Alzheimer's disease (AD) is the most common form of dementia in the United States, with more than 5 million patients living with the disease in 2007.1 Many pharmacists work with AD patients on a regular basis and are familiar with its pathophysiology, clinical presentation, and pharmacotherapy. Furthermore, excellent articles reviewing the management of AD are available elsewhere. 2-4 With the increasing longevity in the U.S. population, the number of patients living with AD or with other, less commonly encountered dementias will rise. Therefore, community pharmacists should also become familiar with some of the other types of dementias they are likely to encounter in clinical practice. This article attempts to summarize the major therapeutically encountered points of four other major causes of dementia: vascular dementia, dementia with Lewy bodies, Parkinson's disease with dementia, and frontotemporal dementia.

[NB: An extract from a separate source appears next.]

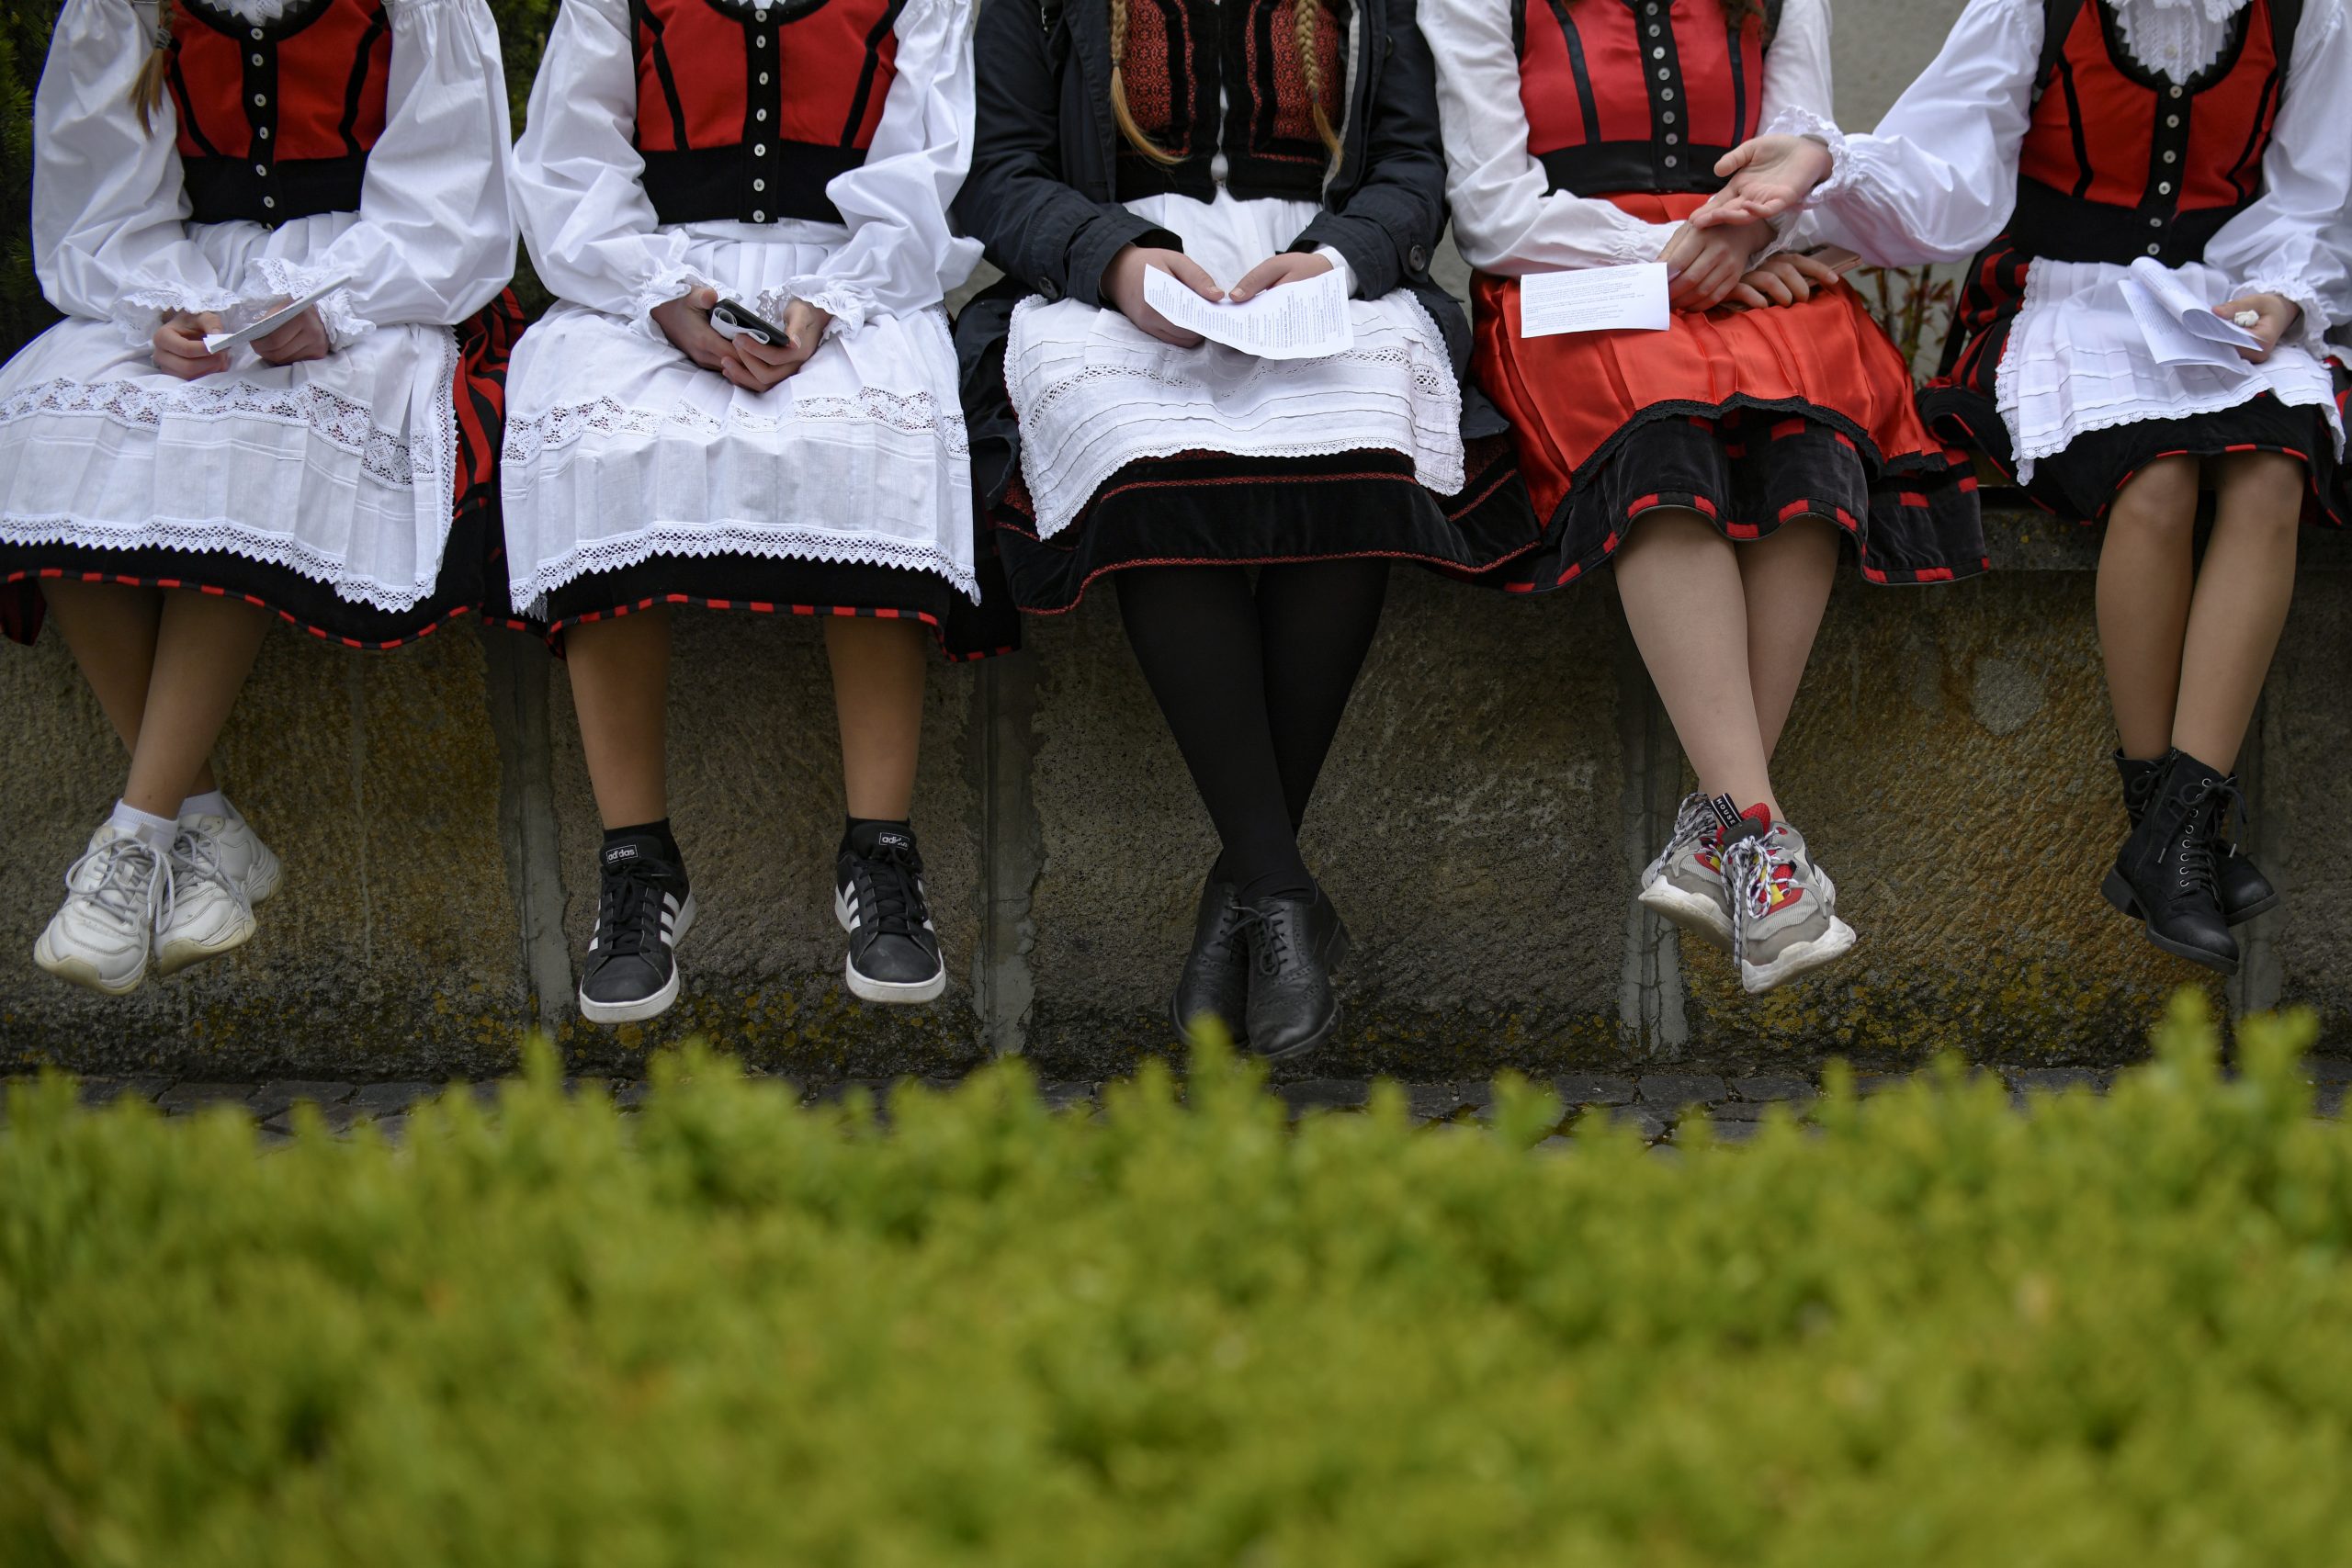 Girls dressed in traditional outfits rest during a Catholic pilgrimage attended by tens of thousands of people who joined the biggest religious event of their faith, in Sumuleu Ciuc, Romania on Saturday, May 22, 2021. Over 35,000 Catholic pilgrims gathered at an open-air shrine in Sumuleu Ciuc in Transylvania on Saturday for a centuries-old procession that was canceled last year due to the coronavirus pandemic.  (AP Photo / Andreea Alexandru)

Vascular dementia (VaD), formerly referred to as multi-infarct dementia, is the second most commonly encountered dementia after AD.5 One case series of over 600 demented patients ages 75 years or older found that 47% of patients had AD and 23% had VaD.6 Worldwide, approximately 15% to 20% of all dementias are thought to be due to vascular causes, a figure that is expected to increase as cerebrovascular disease rates rise.7
VaD frequently coexists with AD in elderly patients, and this complicates the discussion of the disease. In fact, it has been suggested that "pure" AD or "pure" VaD simply do not exist late in life, though this is not necessarily true in younger patients.8 The two diseases share common risk factors, including hypertension, diabetes mellitus, and cigarette smoking.9 Thus, while it has traditionally been thought that AD was neurodegenerative in origin and is distinct from the ischemic pathophysiology of VaD, it is quite possible that the two diseases exist on a spectrum and are more similar pathophysiologically than is often believed.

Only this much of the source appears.